Sonia Mabrouk quitte CNews dans la controverse, rejoint BFMTV… mais serait-ce seulement une étape ? Selon certaines sources, elle viserait en réalité France Télévisions. Quel est ce mystérieux plan sur plusieurs années ? La réponse pourrait surprendre…

Imaginez une journaliste star, habituée aux plateaux les plus exposés, qui du jour au lendemain claque la porte d’une chaîne d’information en continu en invoquant des raisons de principe. Quelques jours plus tard, elle réapparaît sur une autre antenne concurrente. Simple reconversion ou savant calcul ? L’histoire récente de Sonia Mabrouk intrigue autant qu’elle divise.

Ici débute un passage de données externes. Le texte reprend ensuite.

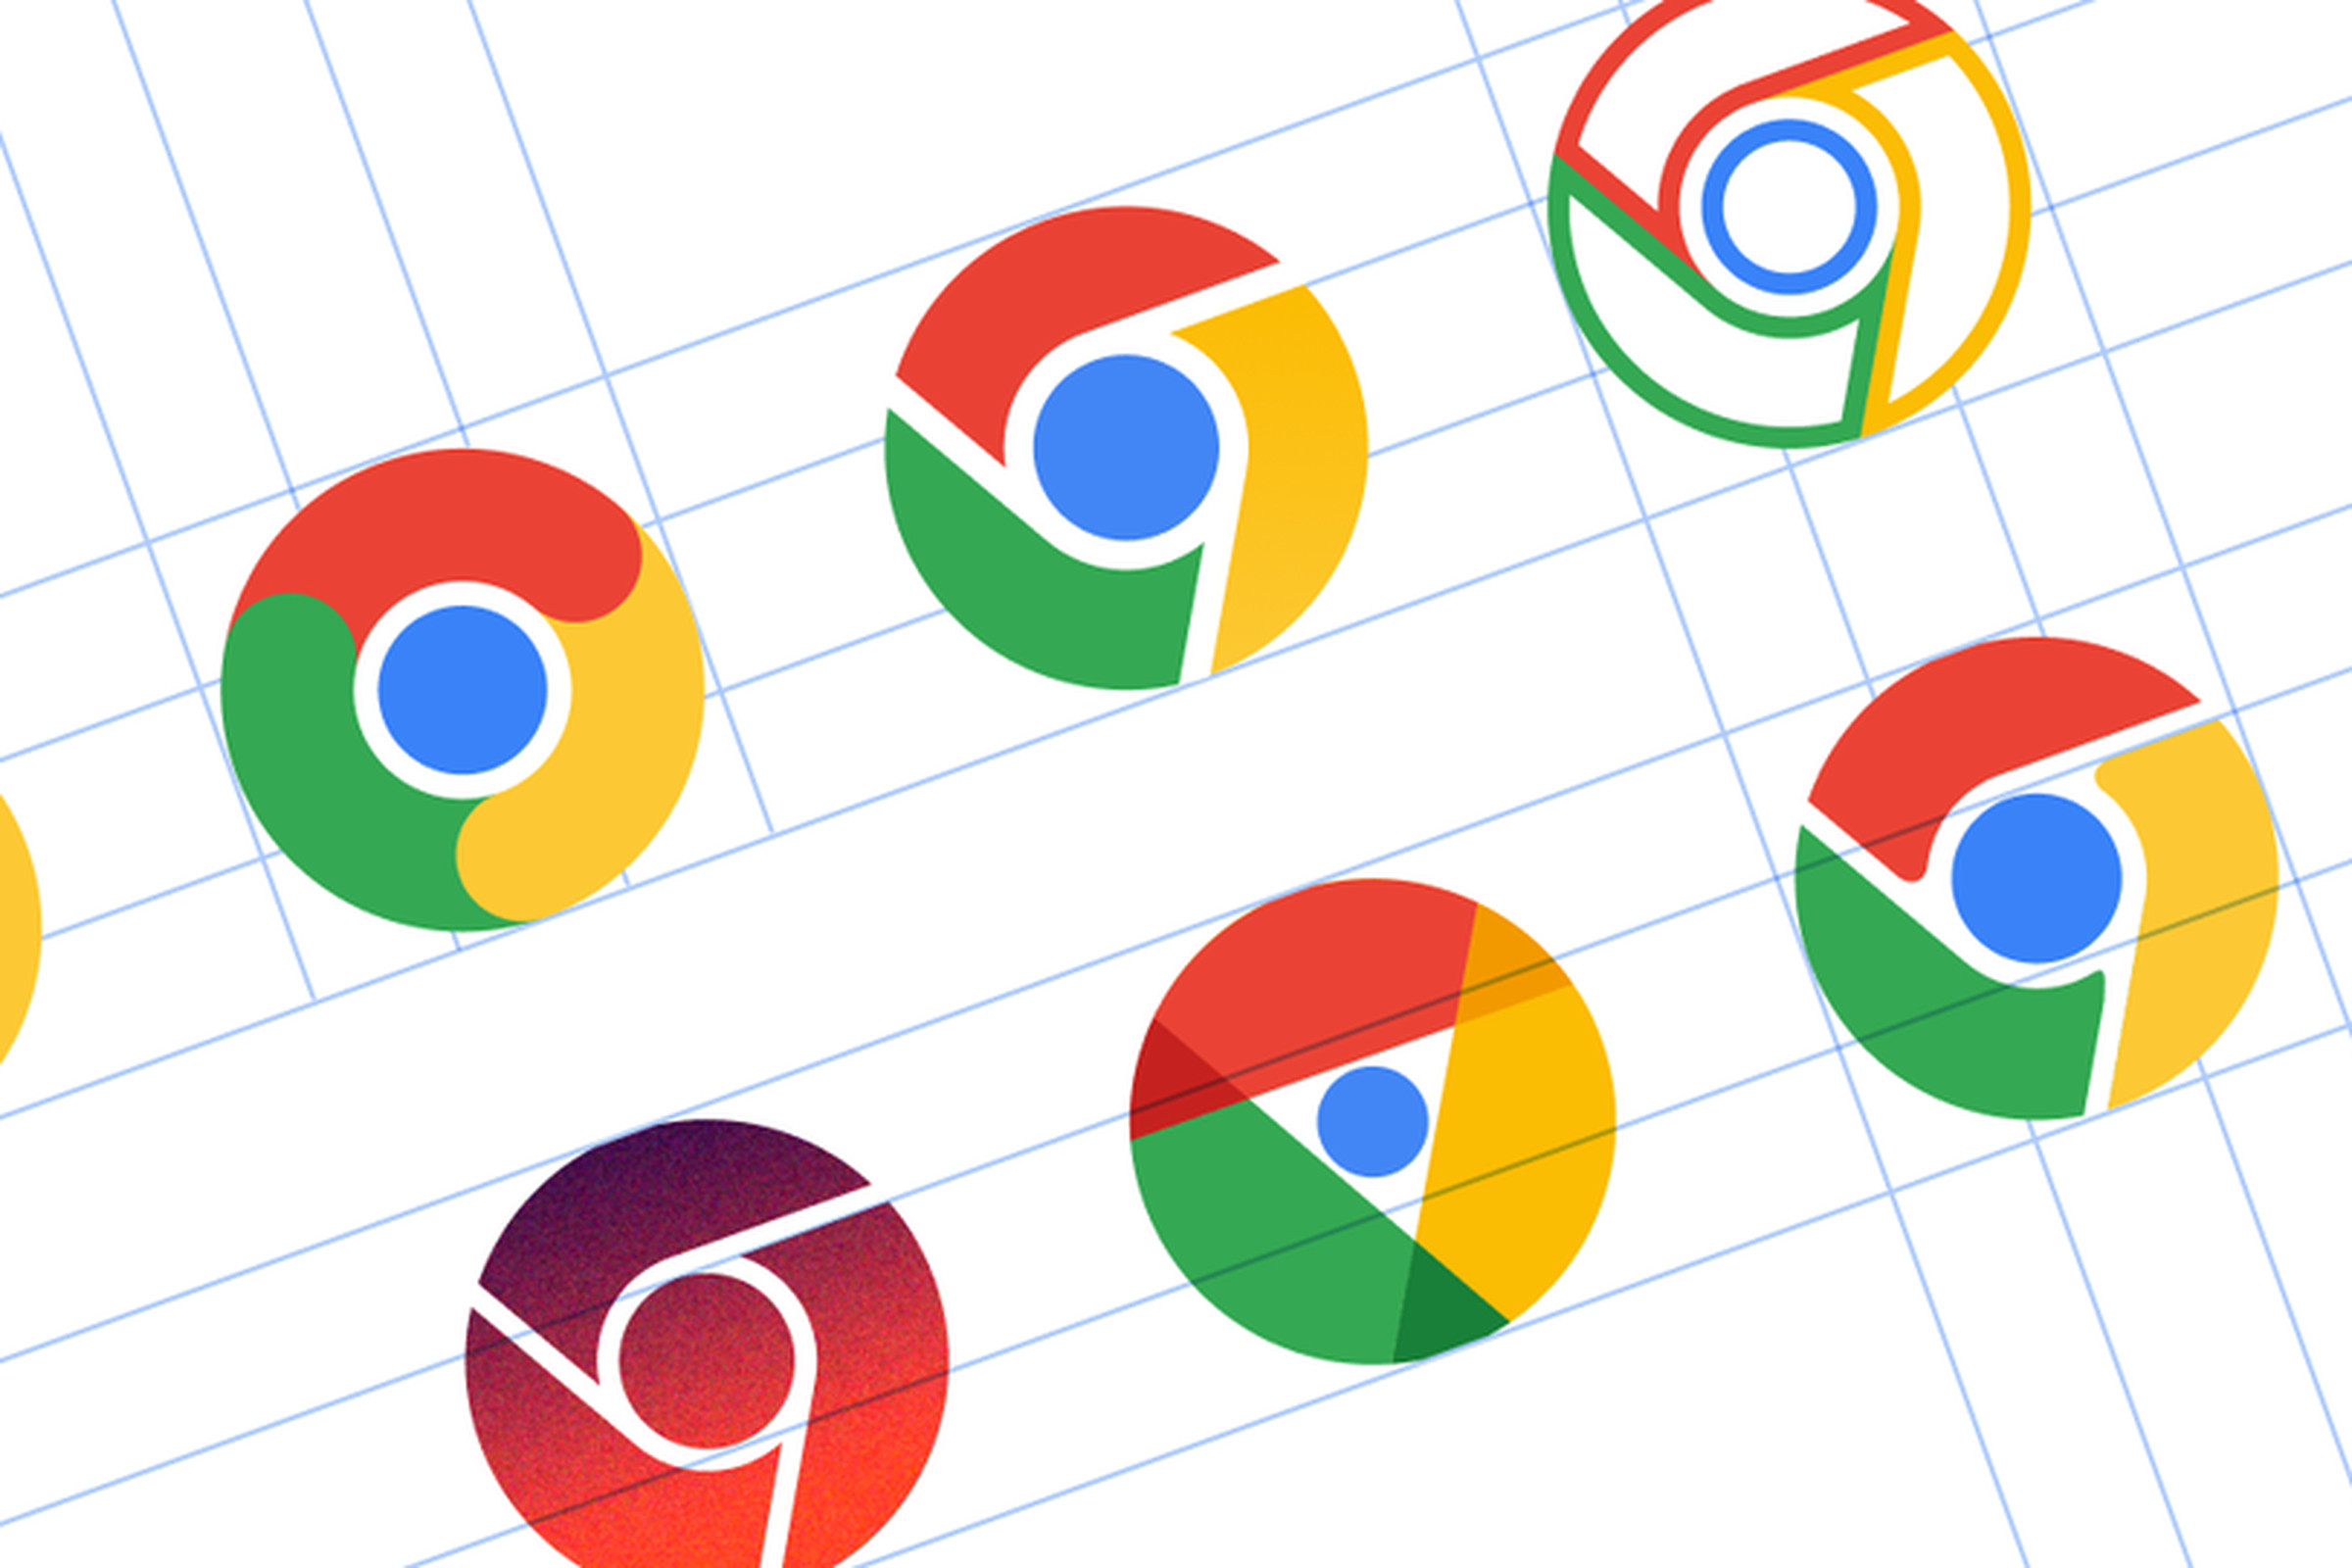 Proposed redesigns of the Chrome icon.

Depuis plusieurs années, son nom est associé à des débats enflammés, à des interviews coup de poing et à une ligne éditoriale marquée. Son départ soudain a provoqué des remous importants dans le paysage audiovisuel français. Mais ce qui fascine aujourd’hui, ce n’est pas seulement le pourquoi du départ, c’est surtout le où elle va… et surtout, comment elle compte y aller.

Un virage professionnel sous le feu des projecteurs

Le début de l’année 2026 restera marqué par cette annonce inattendue. Après des mois de rumeurs persistantes, Sonia Mabrouk a confirmé son arrivée sur une nouvelle chaîne d’information. Ce changement n’est pas anodin : il intervient après une rupture nette avec son ancien employeur et soulève immédiatement des interrogations sur ses ambitions réelles.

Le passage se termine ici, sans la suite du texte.